Unlink requires that the entry be found in the directory so that
it can be removed; 
link requires that the directory be scanned to insure that the name
does not already exist.
By contrast the advisory locking facility in 4.2BSD is
efficient because it is all done with in-memory tables.
Thus, the mail system was modified to use the file locking primitives.
This yielded another 10% cut in the basic overhead of delivering mail.

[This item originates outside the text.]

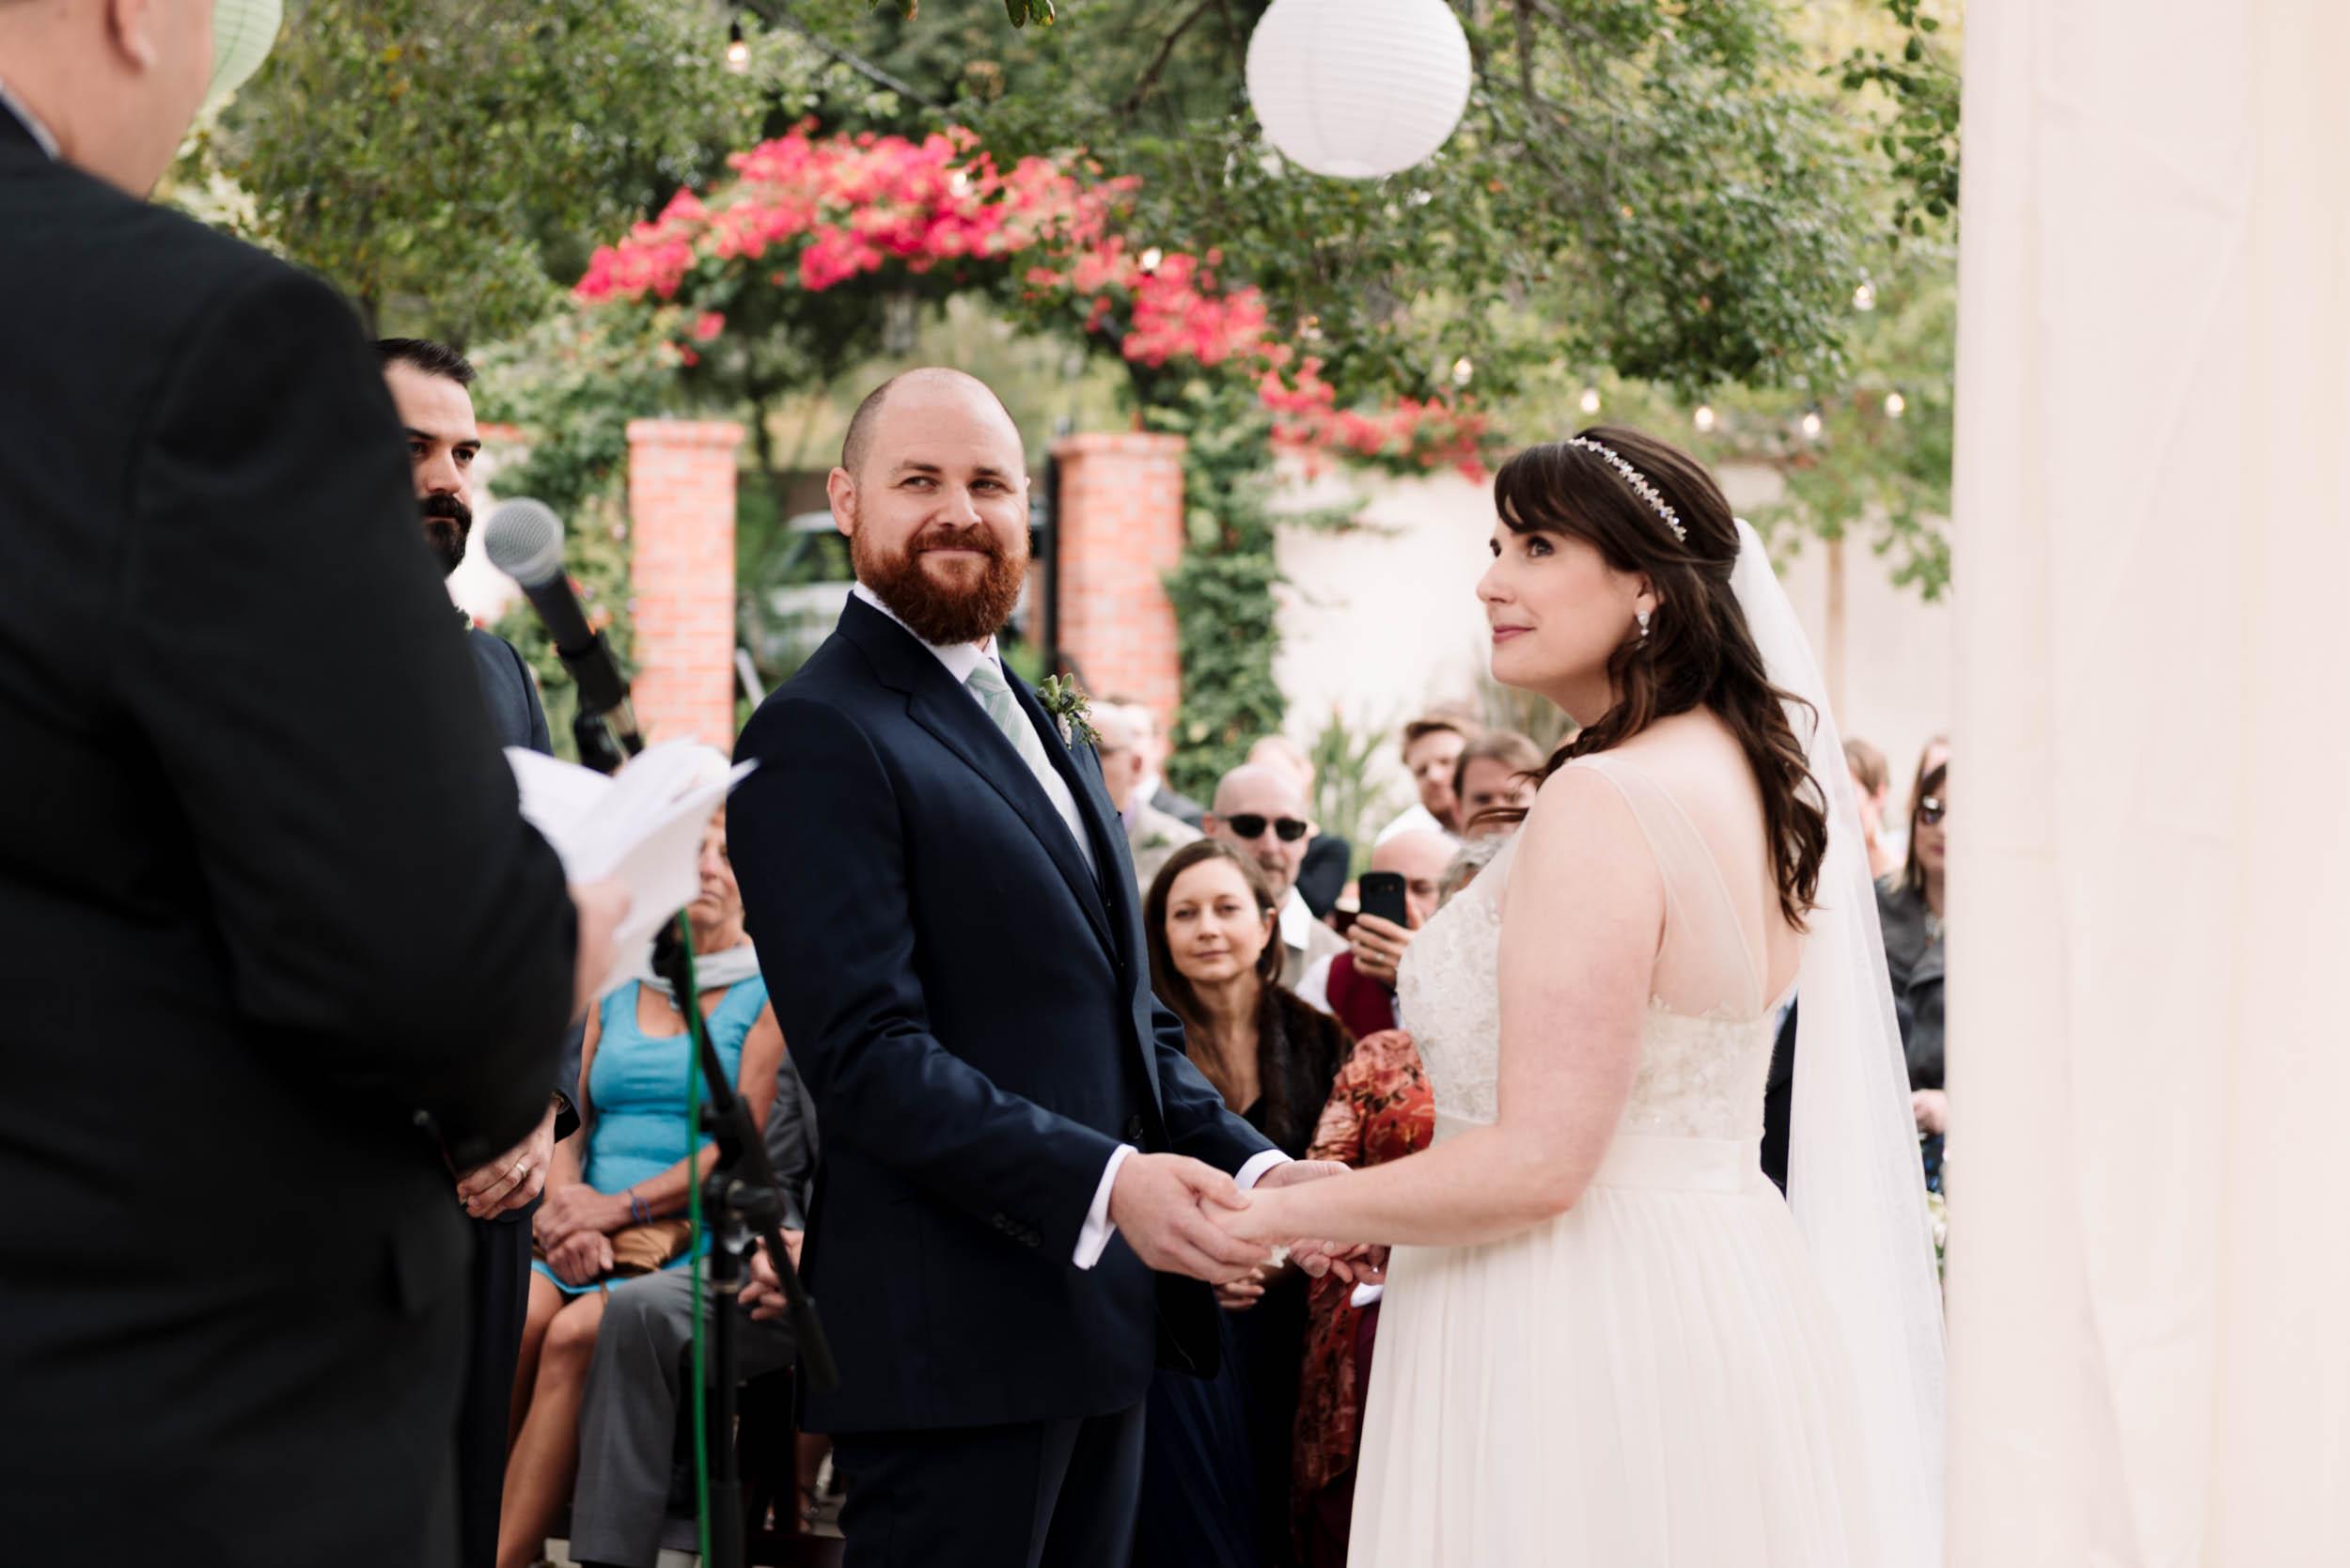 Desination_Wedding_Los Angeles-12.jpg

Extensive profiling and tuning of \fIsendmail\fP and
compiling it without debugging code reduced the overhead by another 20%.
.NH 3
Network Servers
.PP
With the introduction of the network facilities in 4.2BSD,
a myriad of services became available, each of which 
required its own daemon process.
Many of these daemons were rarely if ever used,
yet they lay asleep in the process table consuming
system resources and generally slowing down response.
Rather than having many servers started at boot time, a single server,
\fIinetd\fP was substituted.
This process reads a simple configuration file
that specifies the services the system is willing to support
and listens for service requests on each service's Internet port.
When a client requests service the appropriate server is created
and passed a service connection as its standard input.  Servers
that require the identity of their client may use the \fIgetpeername\fP
system call; likewise \fIgetsockname\fP may be used to find out
a server's local address without consulting data base files.
This scheme is attractive for several reasons:
.IP \(bu 3
it eliminates
as many as a dozen processes, easing system overhead and
allowing the file and text tables to be made smaller,
.IP \(bu 3
servers need not contain the code required to handle connection
queueing, simplifying the programs, and
.IP \(bu 3
installing and replacing servers becomes simpler.
.PP
With an increased numbers of networks, both local and external to Berkeley,
we found that the overhead of the routing process was becoming
inordinately high.
Several changes were made in the routing daemon to reduce this load.
Routes to external networks are no longer exchanged by routers
on the internal machines, only a route to a default gateway.
This reduces the amount of network traffic and the time required
to process routing messages.
In addition, the routing daemon was profiled
and functions responsible for large amounts
of time were optimized.
The major changes were a faster hashing scheme,
and inline expansions of the ubiquitous byte-swapping functions.
.PP
Under certain circumstances, when output was blocked,
attempts by the remote login process
to send output to the user were rejected by the system,
although a prior \fIselect\fP call had indicated that data could be sent.
This resulted in continuous attempts to write the data until the remote
user restarted output.
This problem was initially avoided in the remote login handler,
and the original problem in the kernel has since been corrected.
.NH 3
The C Run-time Library
.PP
Several people have found poorly tuned code
in frequently used routines in the C library [Lankford84].
In particular the running time of the string routines can be
cut in half by rewriting them using the VAX string instructions.
The memory allocation routines have been tuned to waste less
memory for memory allocations with sizes that are a power of two.
Certain library routines that did file input in one-character reads
have been corrected.
Other library routines including \fIfread\fP and \fIfwrite\fP
have been rewritten for efficiency.
.NH 3
Csh
.PP
The C-shell was converted to run on 4.2BSD by
writing a set of routines to simulate the old jobs library.
While this provided a functioning C-shell,
it was grossly inefficient, generating up
to twenty system calls per prompt.
The C-shell has been modified to use the new signal
facilities directly,
cutting the number of system calls per prompt in half.
Additional tuning was done with the help of profiling
to cut the cost of frequently used facilities.